In 2005, popular demonstrations forced the resignation of HK’s Chief Executive, Tung Chee-hwa, a business tycoon who is now a vice-chairman of the Chinese People’s Political Consultative Conference, a rubber-stamp body based in Beijing.

Extradition law

In recent years, the protests have increasingly been led by young people. Some have directly attacked the centres of Chinese power in Hong Kong, inc­luding the Legislative Council building and the Hong Kong and Macao Affairs Office, which is Beijing’s unofficial headquarters in Hong Kong.

This led to violent police assaults on protesters, thousands of arrests and overt threats from Beijing.

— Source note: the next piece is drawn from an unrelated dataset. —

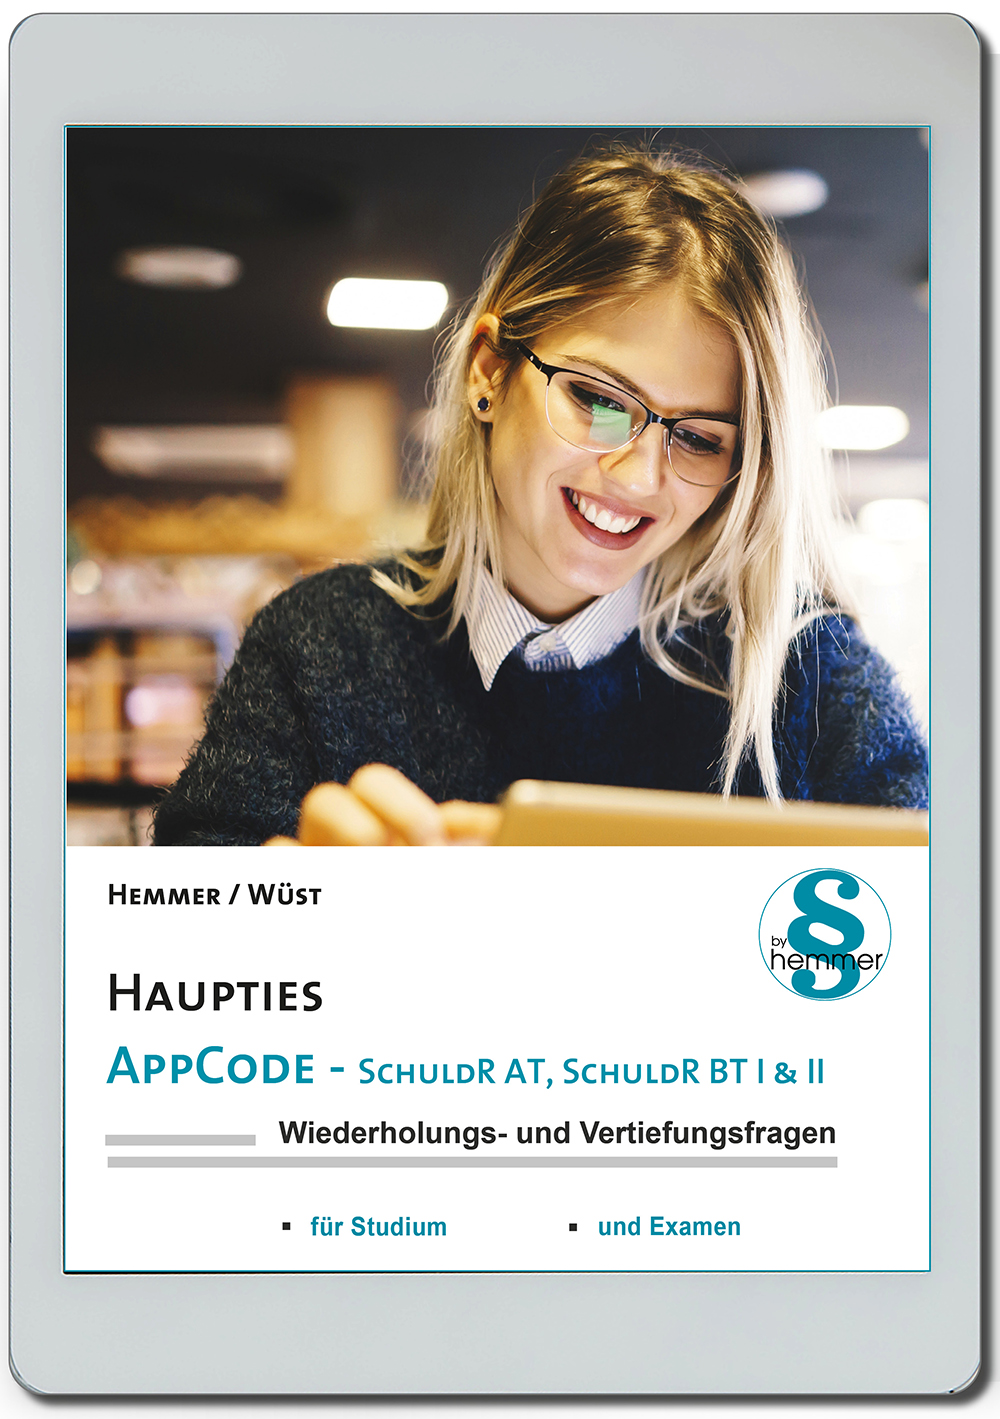 AppCode - haupties - Schuldrecht AT, Schuldrecht BT I & II

None of those earlier protests compares with those maintained over the past three months, which began in opposition to a proposed law that would have allowed extradition to China of any­one, even visitors to Hong Kong, who aroused the ire of Beijing.

As the anger intensified, HK Chief Executive Carrie Lam declared the proposed law “dead” but, under pressure from Beijing, she pointedly refused demands for the law to be withdrawn.

While earlier protests petered out, the recent mass rallies have intensified and been sustained, and the protesters have resolutely withstood threats of intervention by paramilitary forces of China.

Over the weekend of August 17–18, an estimated 1.7 million people participated in a peaceful but unauthorised street protest. It was a massive declaration of no-confidence in the administration of Carrie Lam.

The younger HK generation have been in the vanguard of the public protests. They realise that, as Hong Kong officially integrates fully into China in 2047, unless they fight now, they will progressively lose their freedoms until they are eventually snuffed out.

Better to confront Beijing now, when it is in clear breach of the promise to respect HK’s freedoms for a period of 50 years, than have their freedoms sliced off “salami style” so that HK is no different to any other Chinese province by 2047.

Although the imbalance of power between the unarmed demonstrators in HK and the overwhelming military and political power of Beijing is clear, a forced takeover of HK would cost China dearly. A large number of Western corporations do business with China through HK, because contracts are enforceable there, unlike on the mainland. If the rule of law were overturned in Hong Kong, many of them would relocate to cities such as Singapore, or transfer their businesses to other countries.

Further, the Chinese economy, already suffering the economic effects of the Sino-American trade conflict and the slowdown in international economic growth, would be hit hard by a crackdown in Hong Kong. To the rest of the world, Beijing has tried to cultivate an image of predictability and stability despite its military expansion into the South China Sea. This veneer of respectability is being stripped away by its threats against HK protesters.

In standing up against the might of the People’s Liberation Army and the dictatorship of Beijing, it is to be hoped that the moral authority of the HK people proves to be more powerful than brute force, and ultimately, that the Beijing regime is forced to reach an accommodation with the HK people. If this happens, the consequences within China itself would potentially be immense. The long-suffering people of China, terrorised and repressed by the communist dictatorship, would see that the Chinese Communist Party has feet of clay.

We recall that it was a popular uprising in Eastern Europe in 1988–89 that led to the collapse of the Soviet Union, the overthrow of communist tyrannies, and the establishment of true democracy in many countries. Could it happen again, this time triggered by the protests in Hong Kong?

Patrick J. Byrne is national president of the National Civic Council.